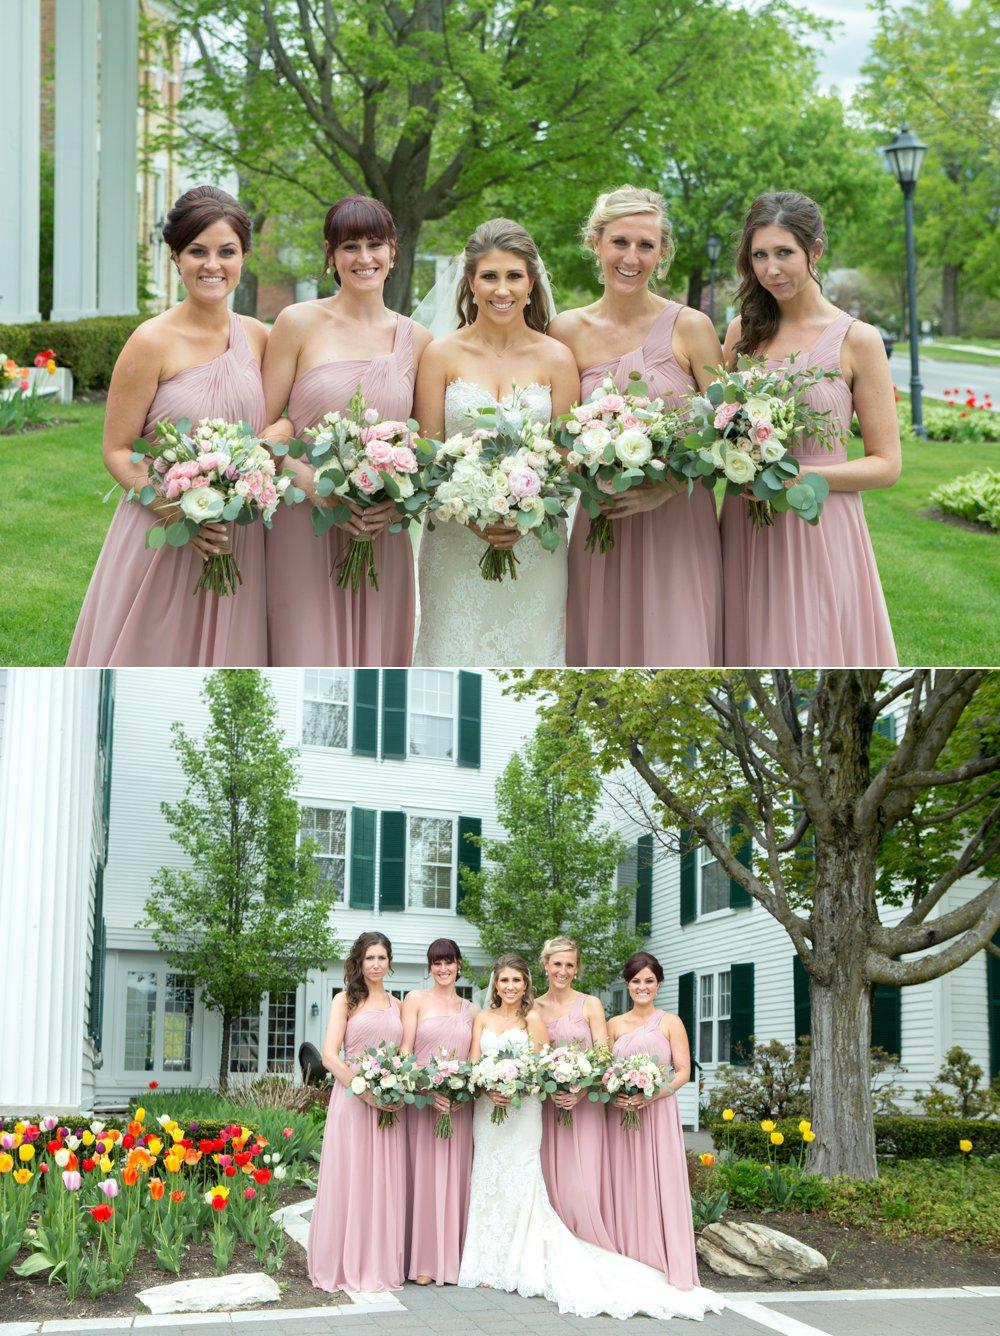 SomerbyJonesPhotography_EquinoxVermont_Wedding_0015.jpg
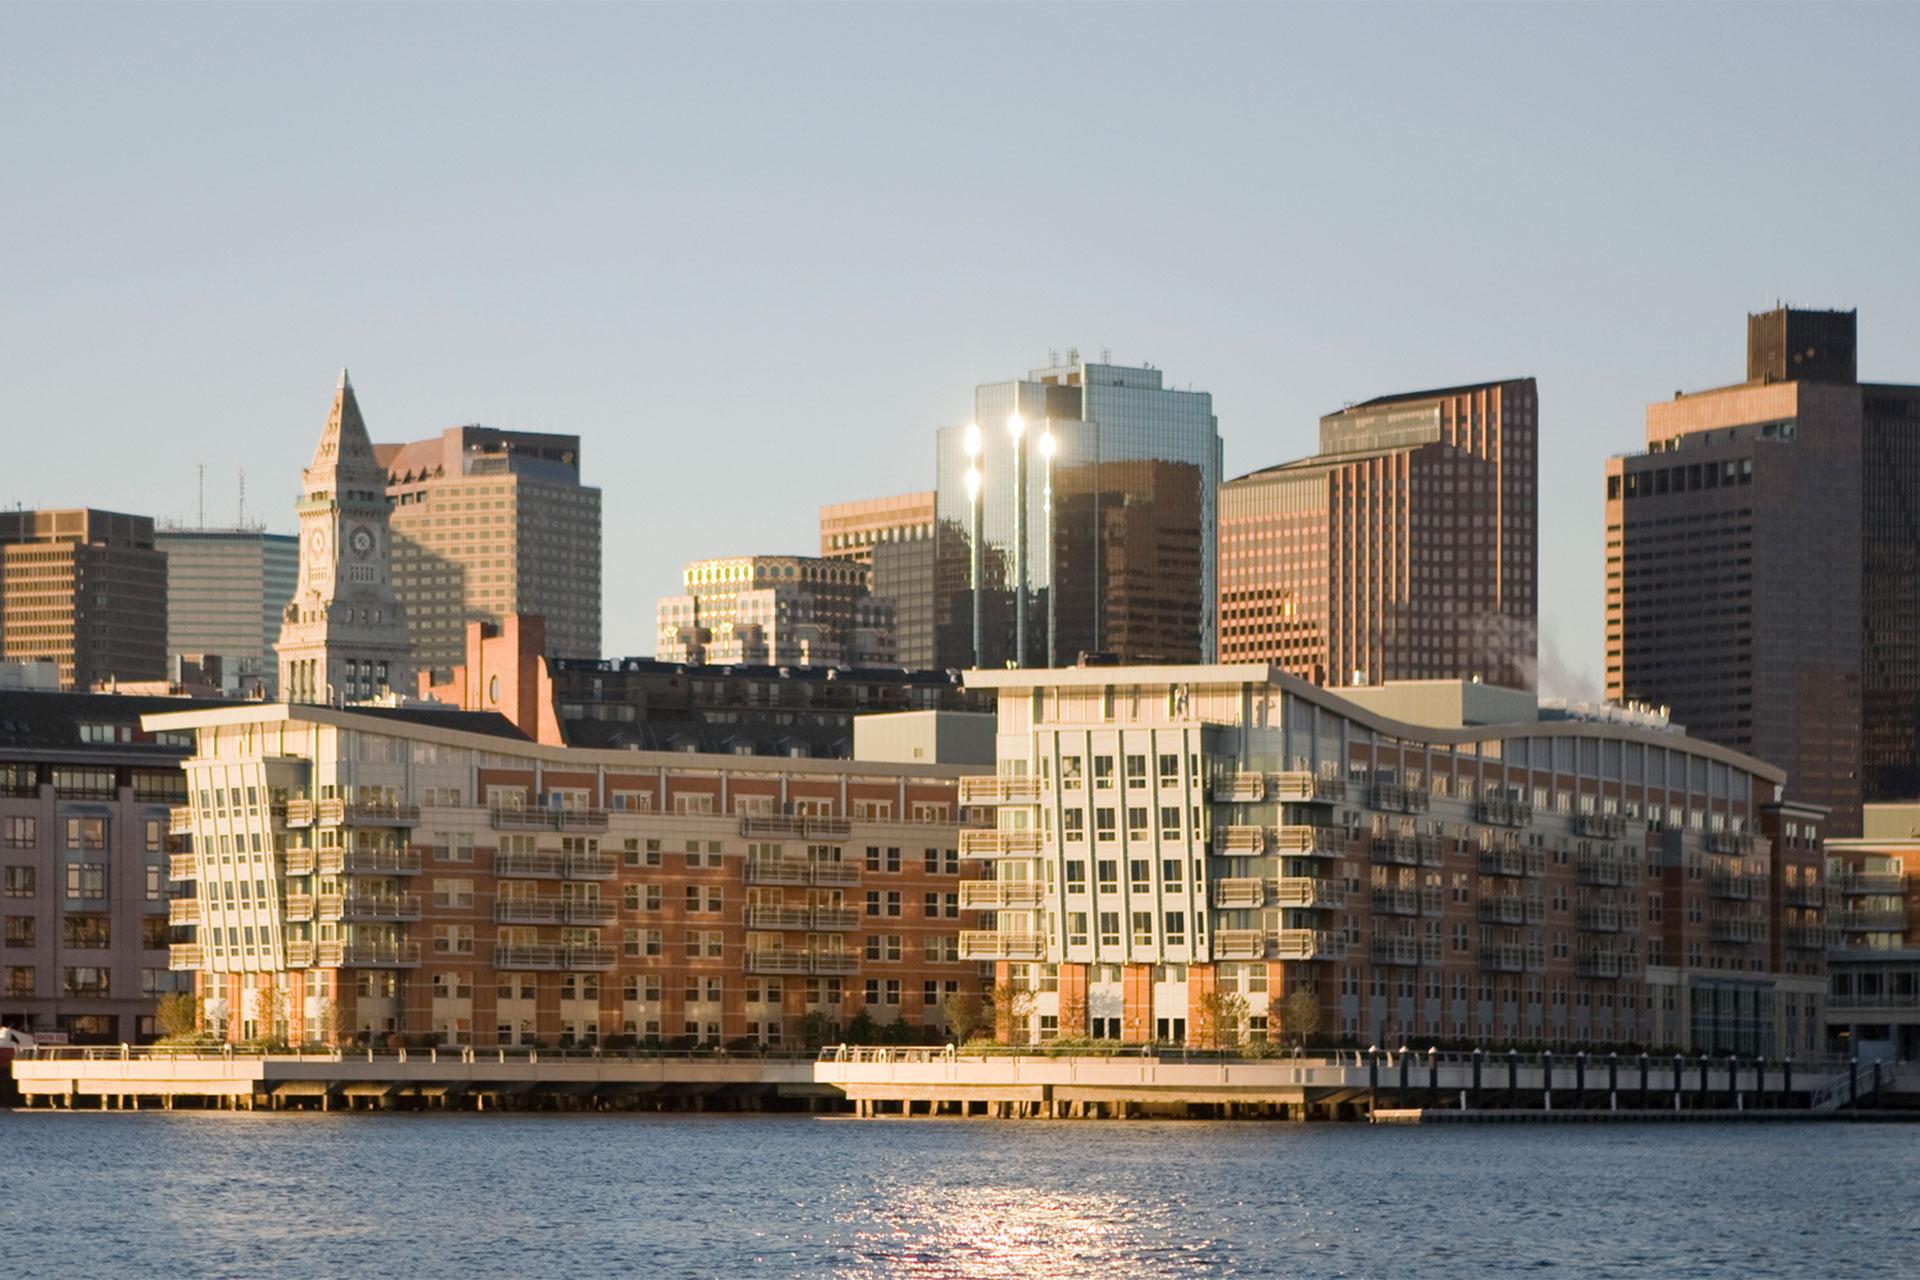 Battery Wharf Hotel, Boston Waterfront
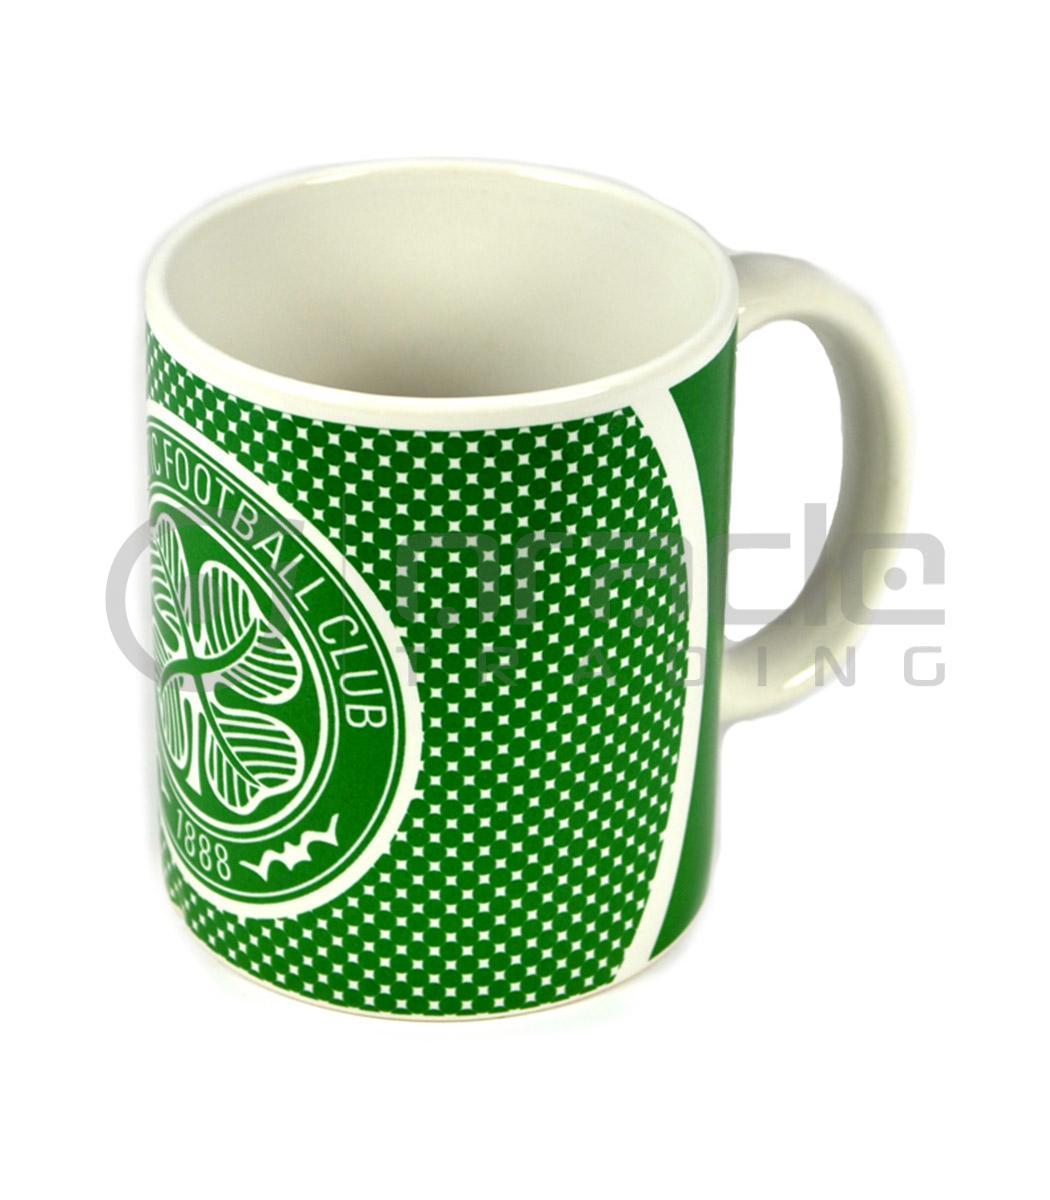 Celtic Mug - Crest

EXERCISE INSTRUCTIONS: Your reply should hold every line of the material, unaltered, and not one picture.

ANSWER BOX:
 SomerbyJonesPhotography_EquinoxVermont_Wedding_0015.jpg
 Battery Wharf Hotel, Boston Waterfront
 Celtic Mug - Crest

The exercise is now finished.